## Provided material
"""

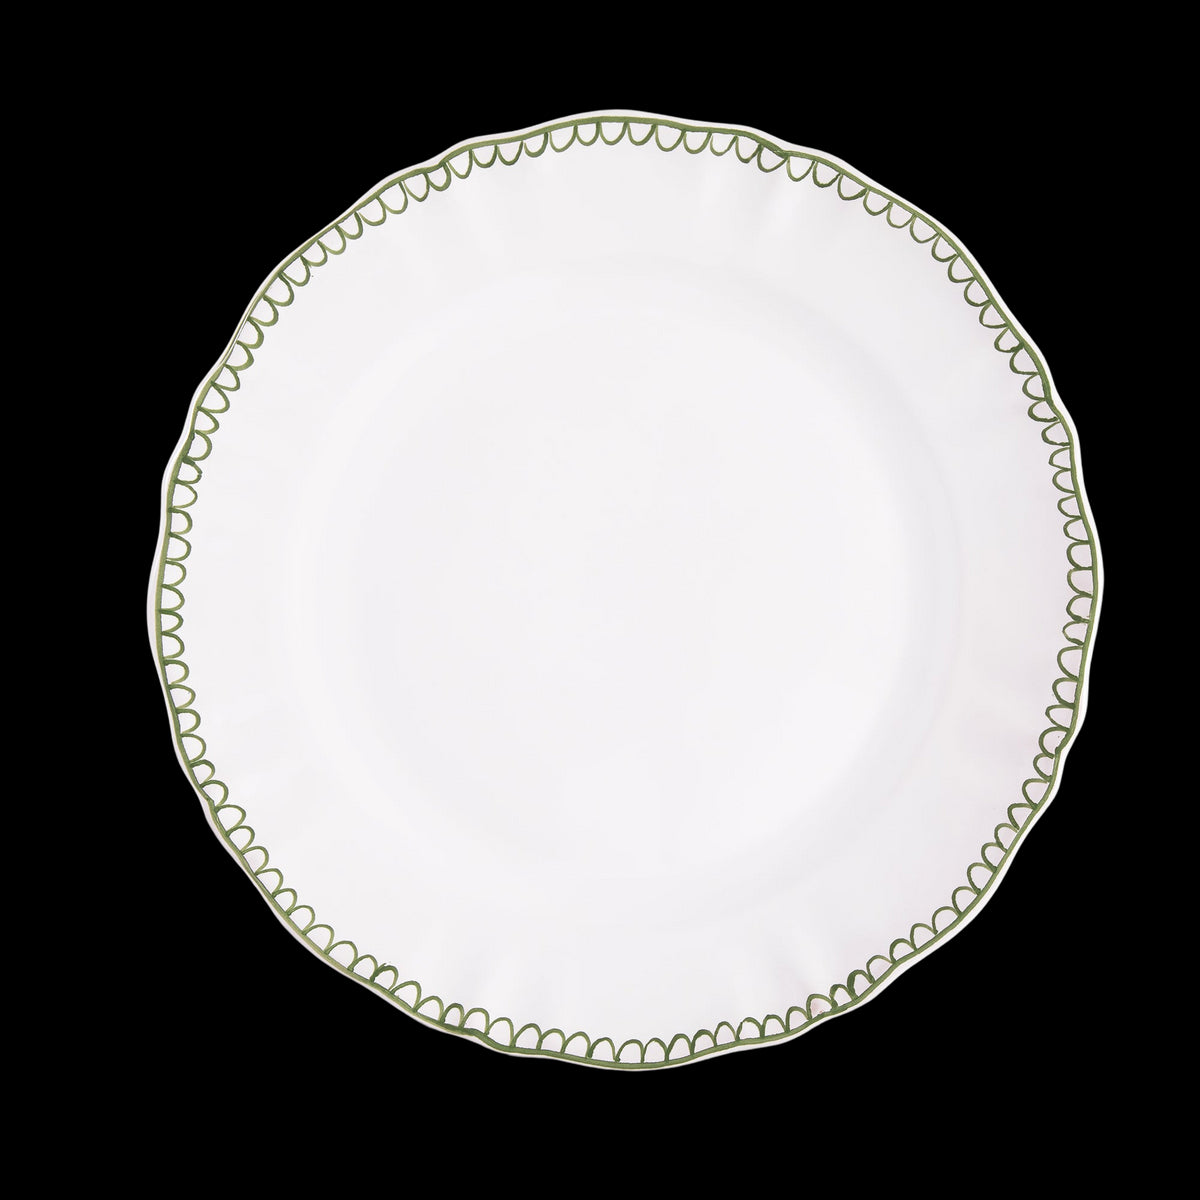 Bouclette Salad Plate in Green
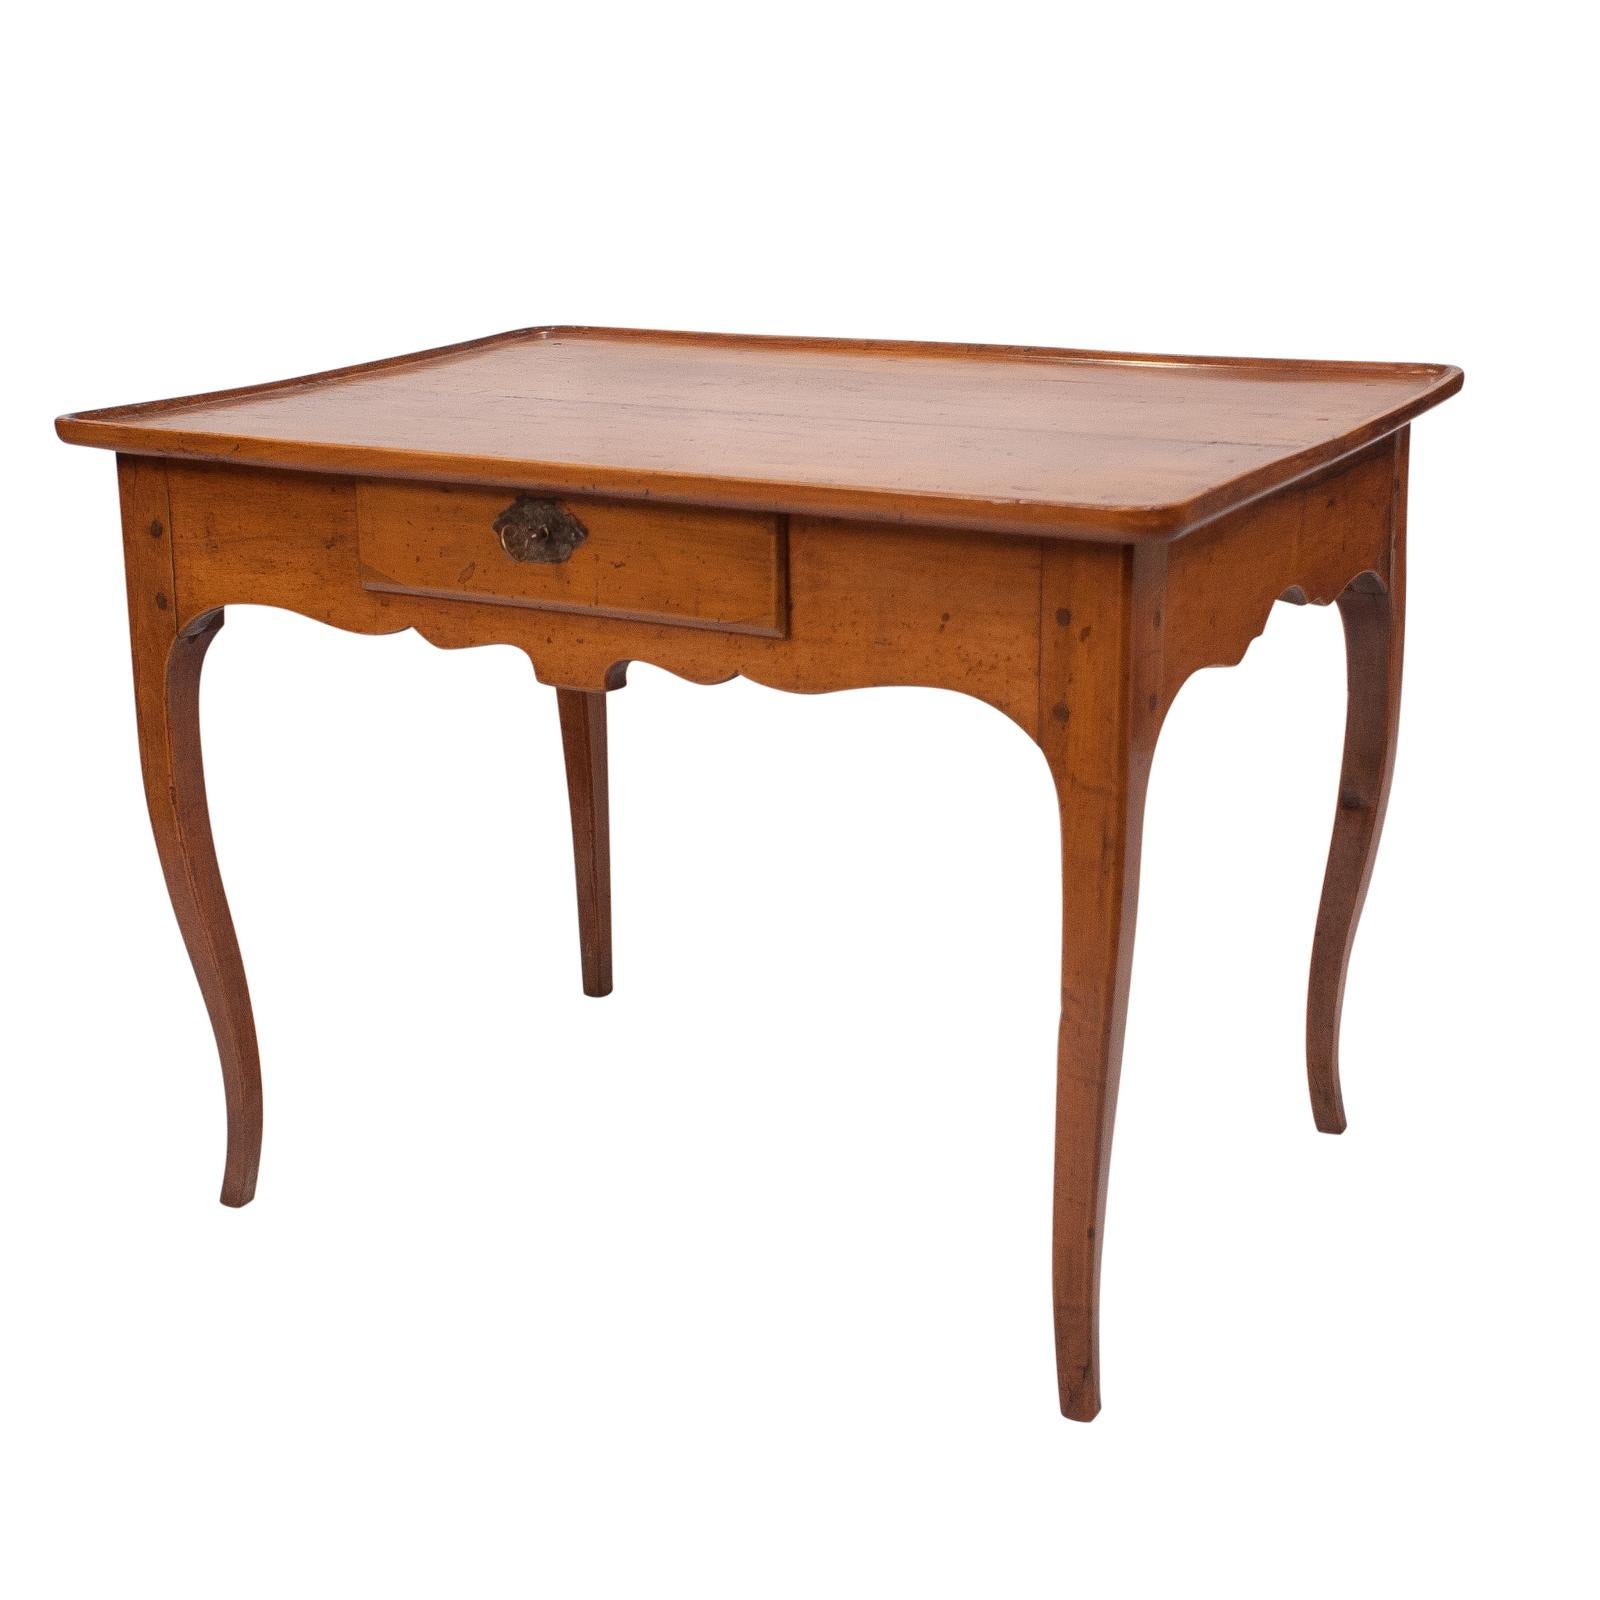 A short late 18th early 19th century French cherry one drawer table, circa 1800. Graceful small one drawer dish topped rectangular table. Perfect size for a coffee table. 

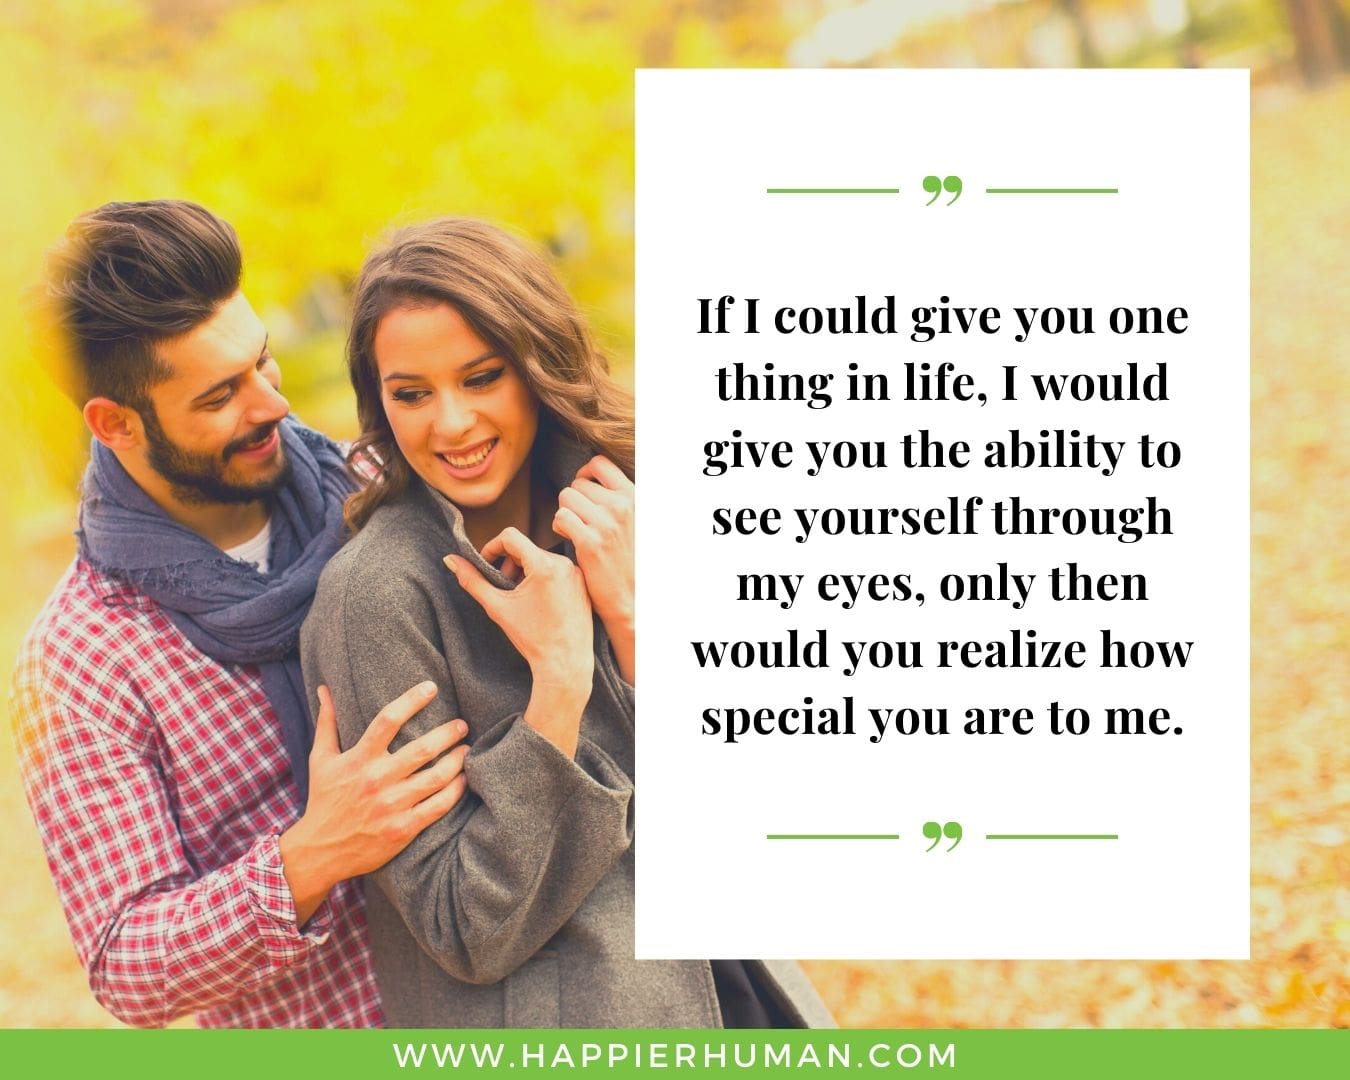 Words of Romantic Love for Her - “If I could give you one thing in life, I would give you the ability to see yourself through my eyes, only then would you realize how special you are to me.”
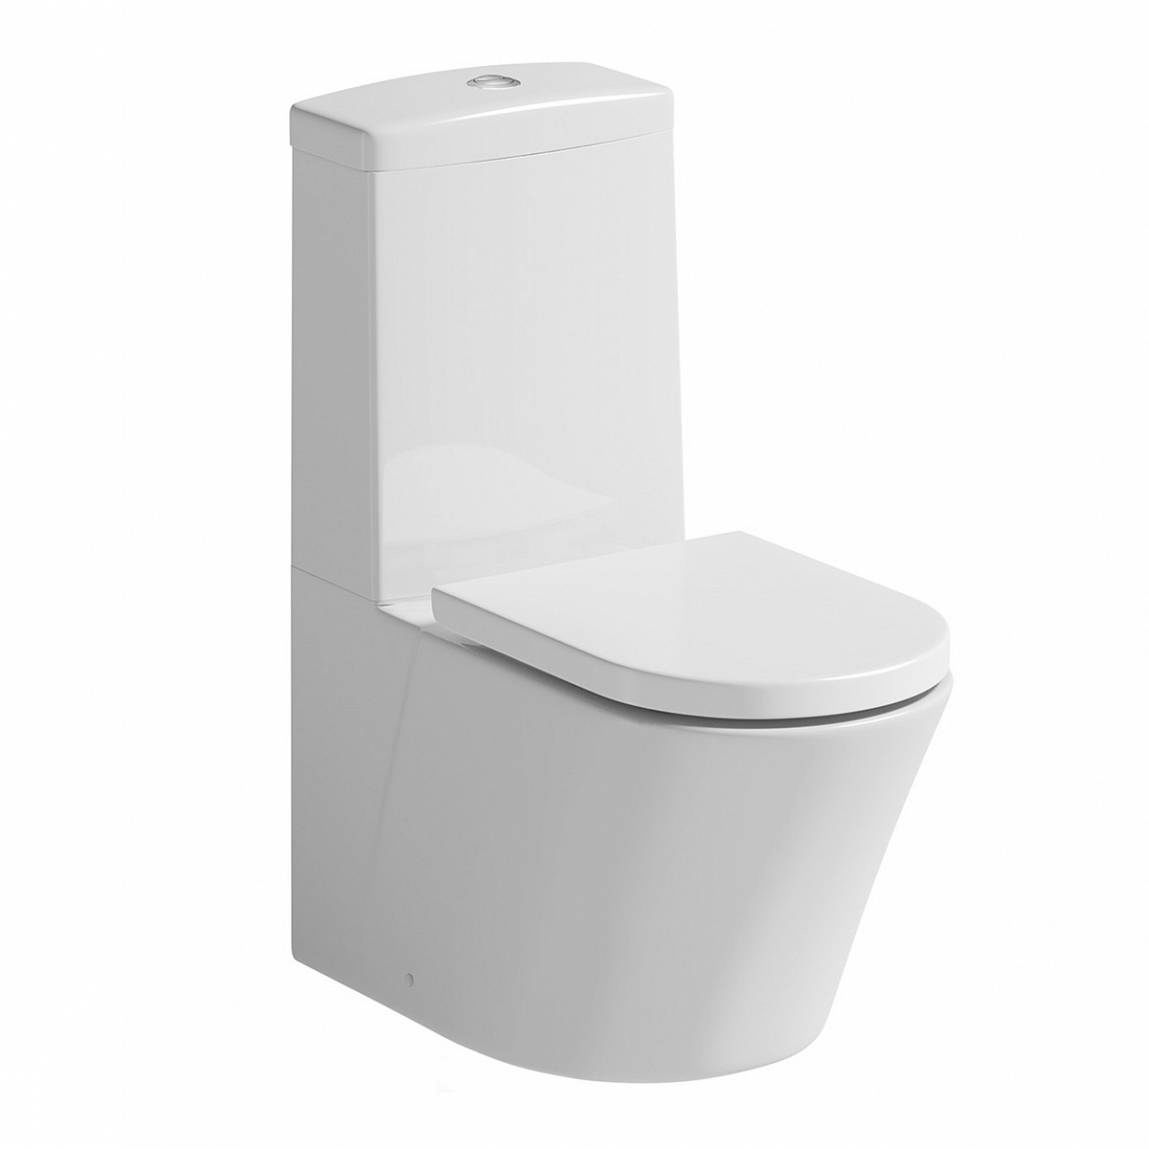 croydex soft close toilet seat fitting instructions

"""

## Exercise description
Skip the pictures. Return exactly the lines from the one containing "Words of Romantic" through the end of the data above, both included, and nothing besides.

## Exercise response
 Words of Romantic Love for Her - “If I could give you one thing in life, I would give you the ability to see yourself through my eyes, only then would you realize how special you are to me.”
 croydex soft close toilet seat fitting instructions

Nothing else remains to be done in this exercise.